Let's consider three gears: \$G_1\$, \$G_2\$ and \$G_3\$.
Now each gear has a given radius \$r_1\$, \$r_2\$ and \$r_3\$.
The problem is to find the angular velocity for each gear (denoted \$\omega_1\$, \$\omega_2\$ and \$\omega_3\$). From a physics course we know that the tangent velocity v is proportional to the radius: \$v_1 = \omega_1 r_1\$.
Now, if a given gear, say \$G_1\$, is connected to a second gear \$G_2\$, then the tangent velocities match: \$v_1=v_2=v\$, where \$v\$ is the overall velocity of the system, a global parameter for a system of connected gears.
Now it follows that \$\omega_1r_1 = v\$ so \$\omega_1 = \frac{v}{r_1}\$ for each gear. That way you can find out the angular velocity of all gears in a system.

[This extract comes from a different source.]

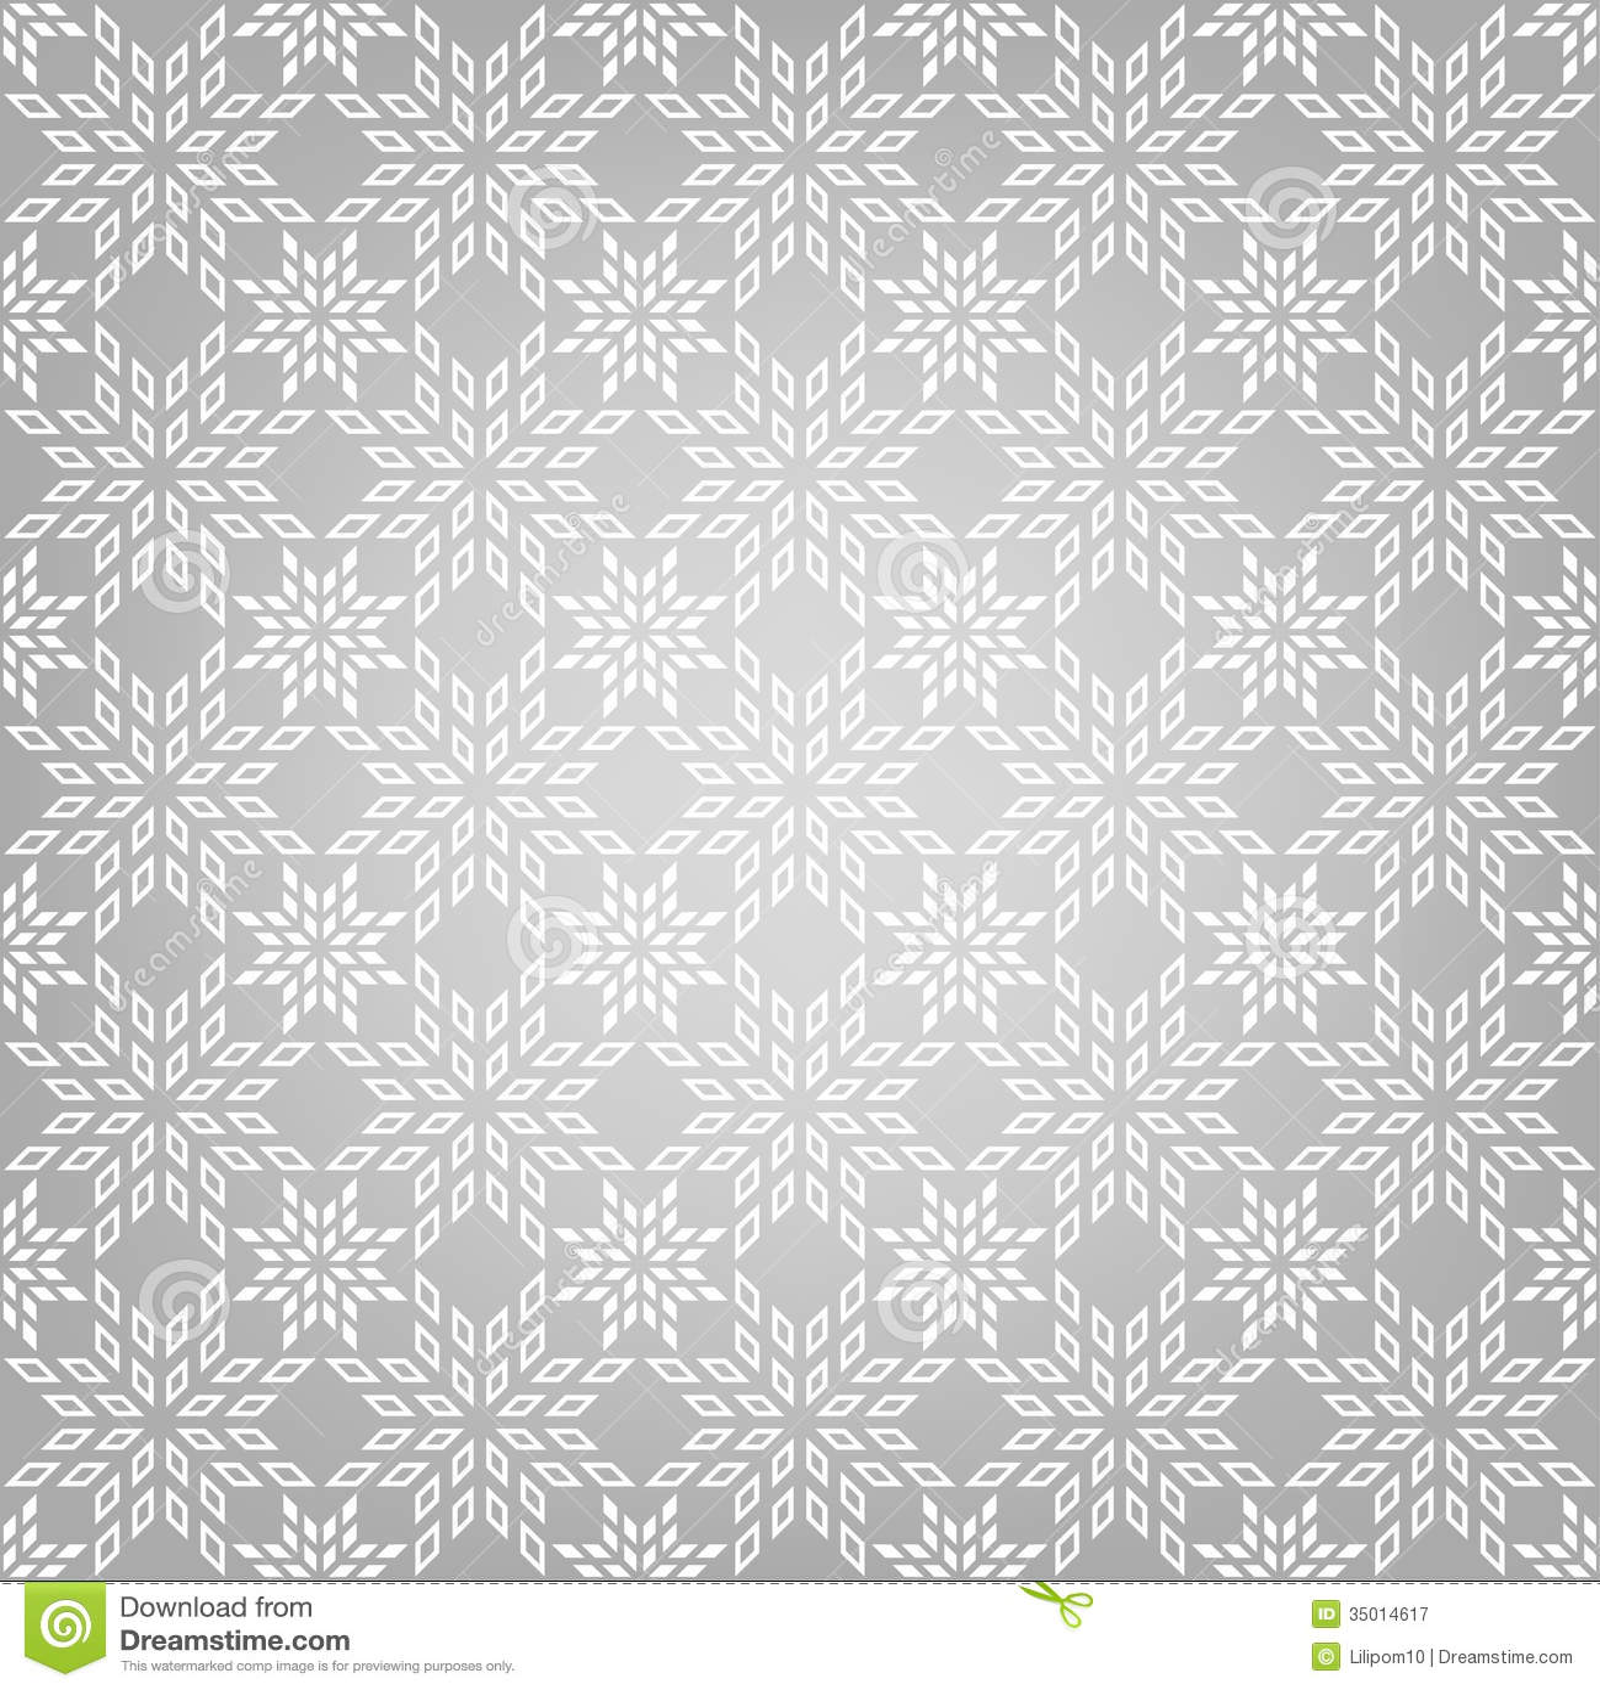 For textiles interior design for book design website background

The next step is finding the rotation direction. For this, simply choose a gear (say G_1), fix the rotation direction (say to \$+\omega_1\$), look which gears are connected to it. If \$G_2\$ is connected to it, its angular velocity is \$-\omega_2\$.

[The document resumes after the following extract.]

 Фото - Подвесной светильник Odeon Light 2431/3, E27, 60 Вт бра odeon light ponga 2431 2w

There is still the problem of the clinch situation:
For small-scale problems I would advise to simply do this gear-wise for all gears: Then, if for any gear you want to set a different direction than already set - set all angular velocity values (or the system velocity) to 0 - the system is "jammed"!

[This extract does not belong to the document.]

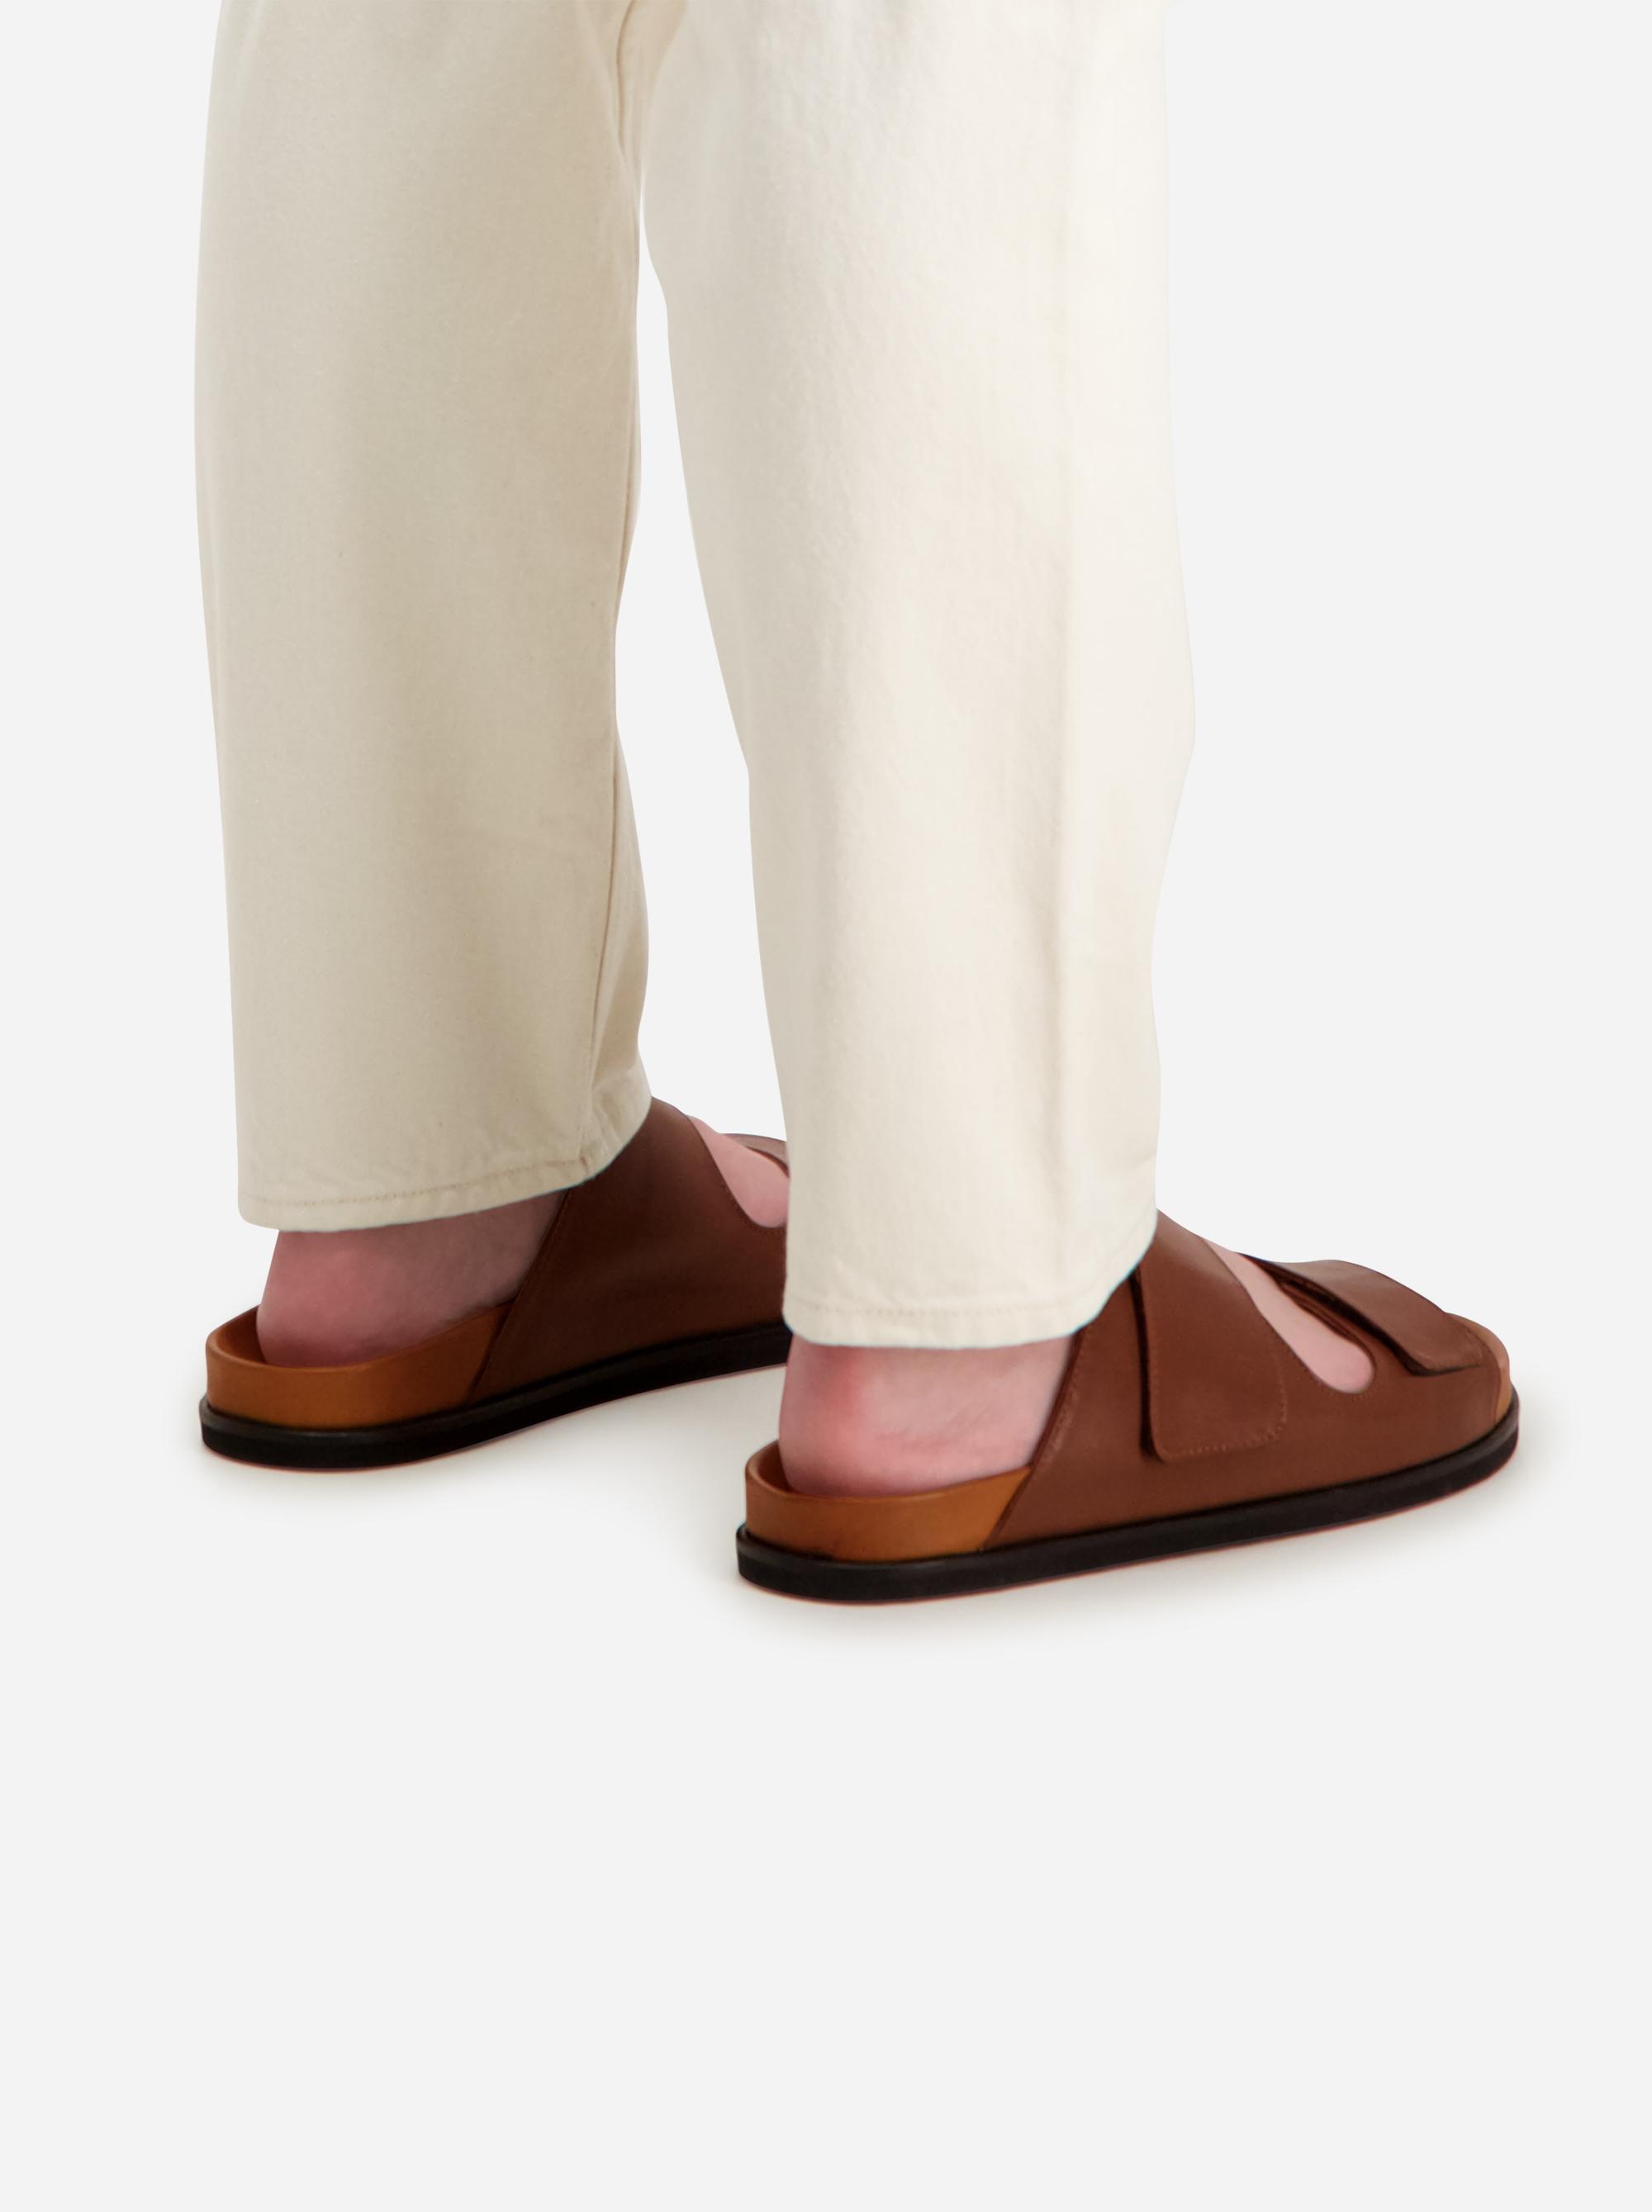 Teym - The Sandal - Men - Brown - 2

You simply do this for each set of connected gears.
Its not a very sophisticated method to do this but I think it should work. :-)
One more comment: you can easily save the gear structure in the so-called "adjacency matrix". It is a matrix that is 1, if gear i is connected to gear j and 0 otherwise. As an example, take the 3x3 matrix consisting of only ones - where each of three gears is connected to the other - it represents a jammed system!
In your scripts, use the adjacency matrix to write the script that determines the rotation directions!